Amazon.com: HASH(0x8acb7408) out of 5 stars 1 review
29 of 30 people found the following review helpful
HASH(0x8acb85c4) out of 5 stars Ian Myles Slater on Robert Graves' Utopia 12 Sept. 2003
By A Customer - Published on Amazon.com
Format: Paperback
"Seven Days in New Crete" is the original title (I think) of a book also published as "Watch the North Wind Rise." It first appeared in 1949. The original US edition was by Farrar Straus and Giroux, and there were US paperback printings by Avon Books in the 1960s, under the alternate title. I have not actually seen any later editions. In any version, it is a sort-of-science-fiction sort-of-novel by the poet, historical novelist, and would-be interpreter of anthropology and mythology, Robert Graves. It presents a tour of a future utopian society in which Graves' views of the ideal sexual (and other social) arrangements are displayed. There are resemblances, perhaps not entirely coincidental, to some of the experiments of the 1960s.
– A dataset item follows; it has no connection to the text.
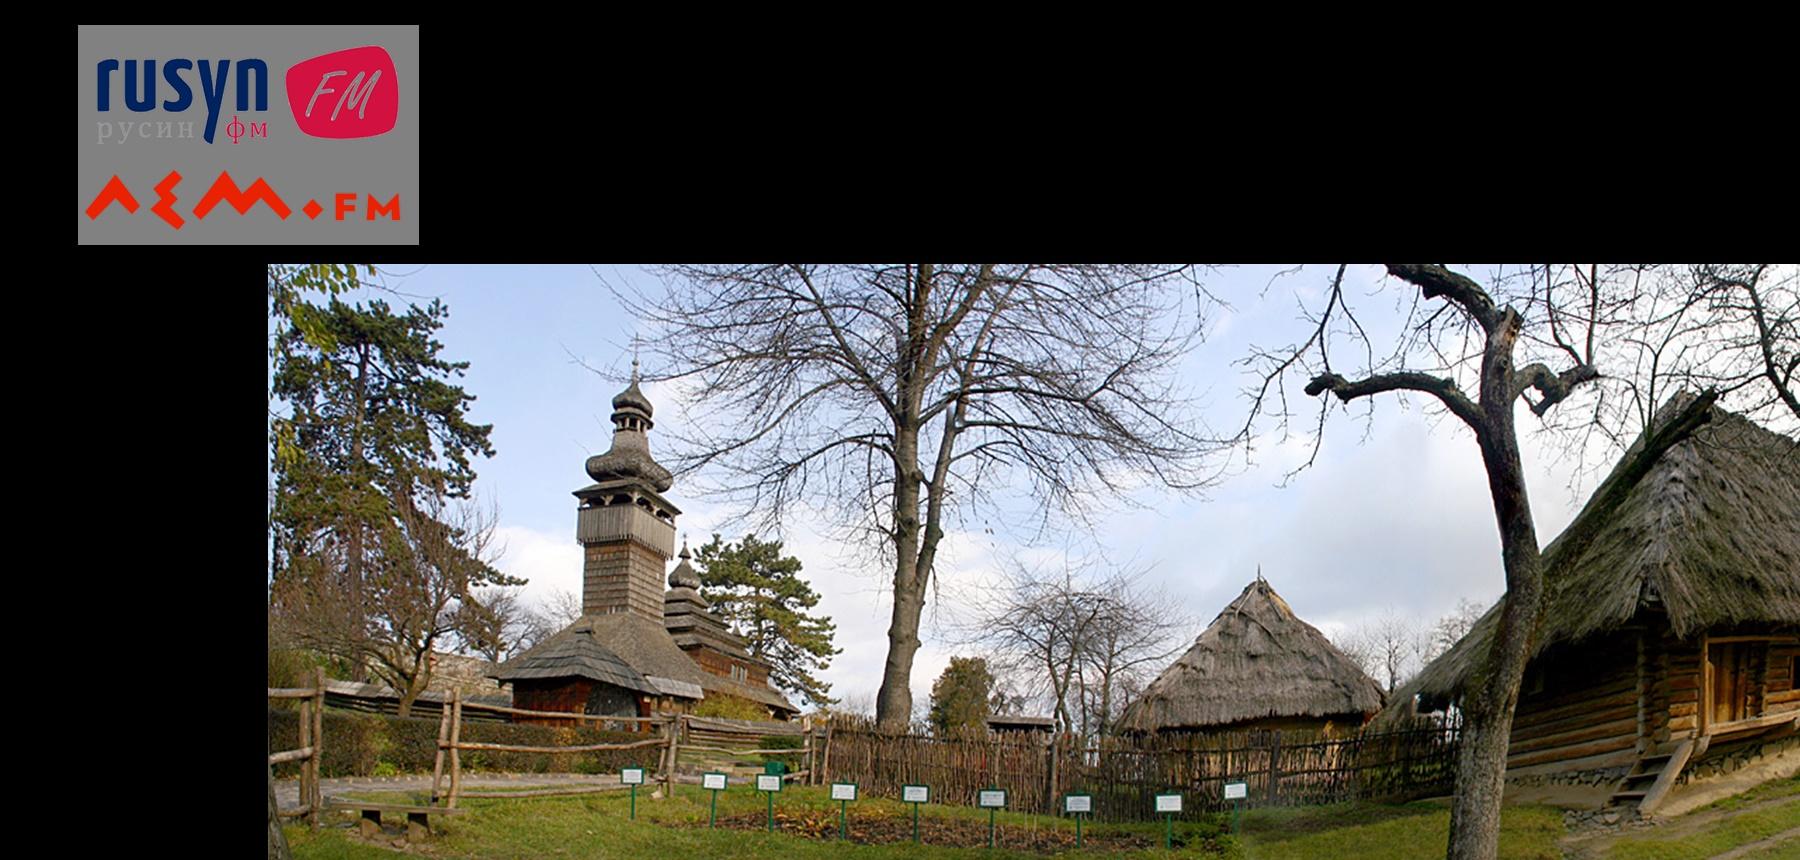 панорама ужгородского скансену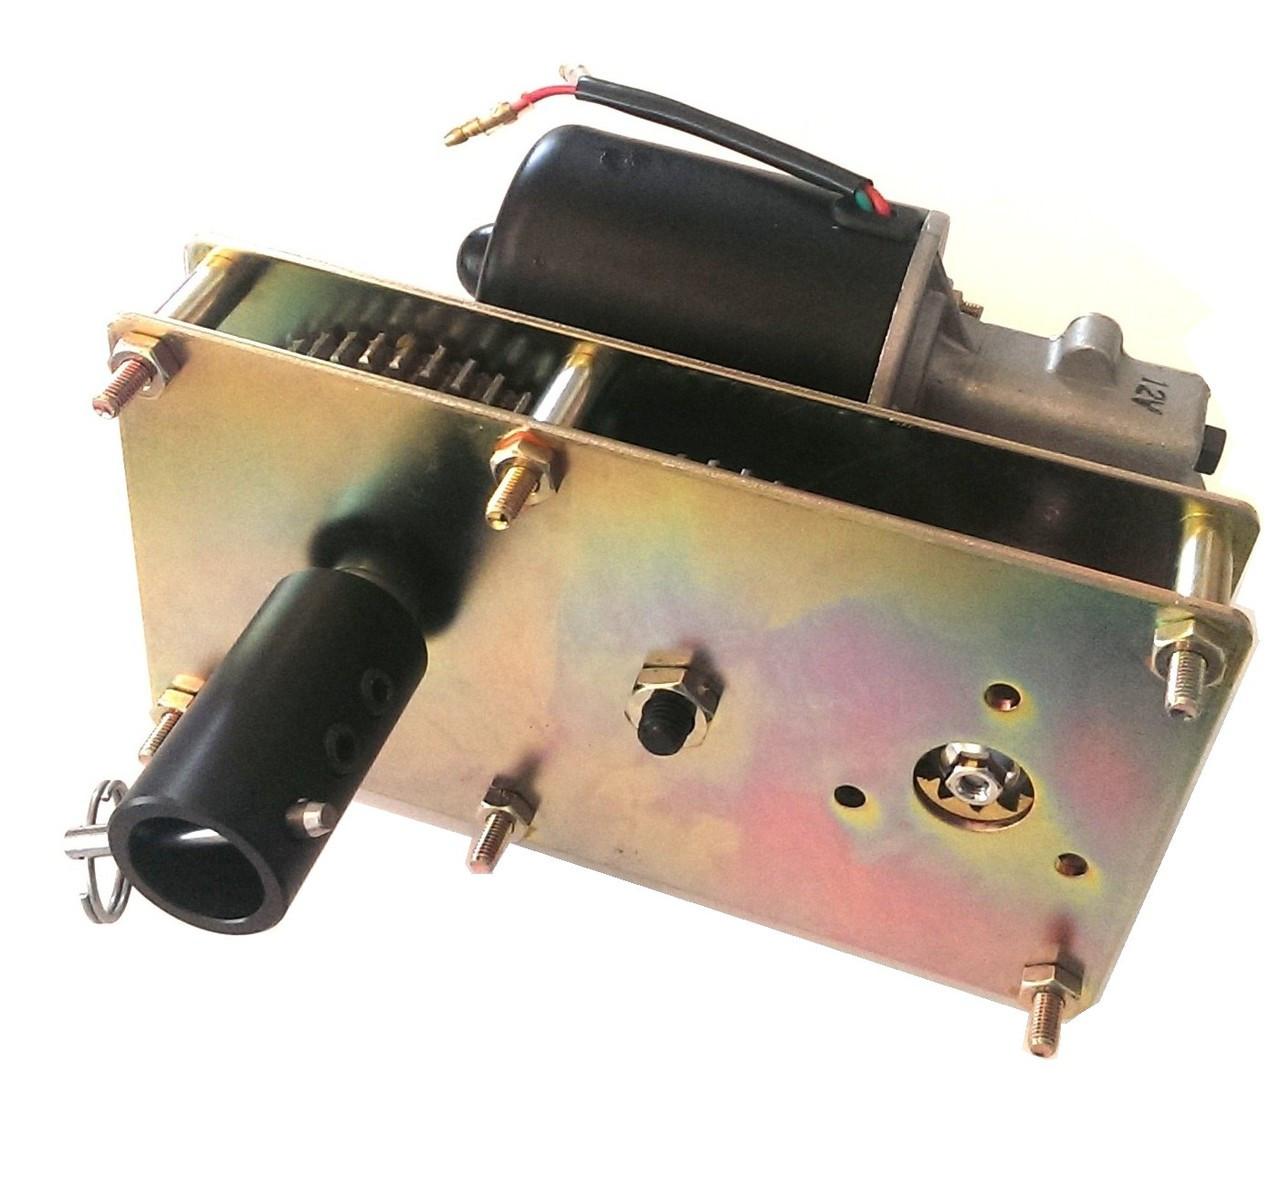 Graupner 2400 Ruderhebel f/ür 3 mm Wellen

The society is based largely on Graves' own reconstruction of prehistoric Greece and the Aegean, as suggested in the novel "Hercules My Shipmate" (also, I believe, published as "The Golden Fleece"), and set out more fully in "The White Goddess" and the introduction and notes in "The Greek Myths." The latter two books are formally non-fiction, but "The White Goddess" is, in my opinion, probably the best fantasy novel ever written which does not have a developed narrative or an obvious plot. (Not a view Graves would have appreciated.)
"Seven Days in New Crete" does have a narrative, however. It was much admired by Fritz Leiber, a science fiction and fantasy writer of distinction, and a fine critic, who explored alternative societies in some of his own writings. (Mainly dystopian; as L. Sprague de Camp warned science fiction writers, utopias are insipid by virtue of their perfection). "Seven Days" is sure to intrigue anyone who has enjoyed Graves' books about antiquity, but it would be a poor introduction to his work. Those interested in utopian fiction in general will probably also find it of considerable interest.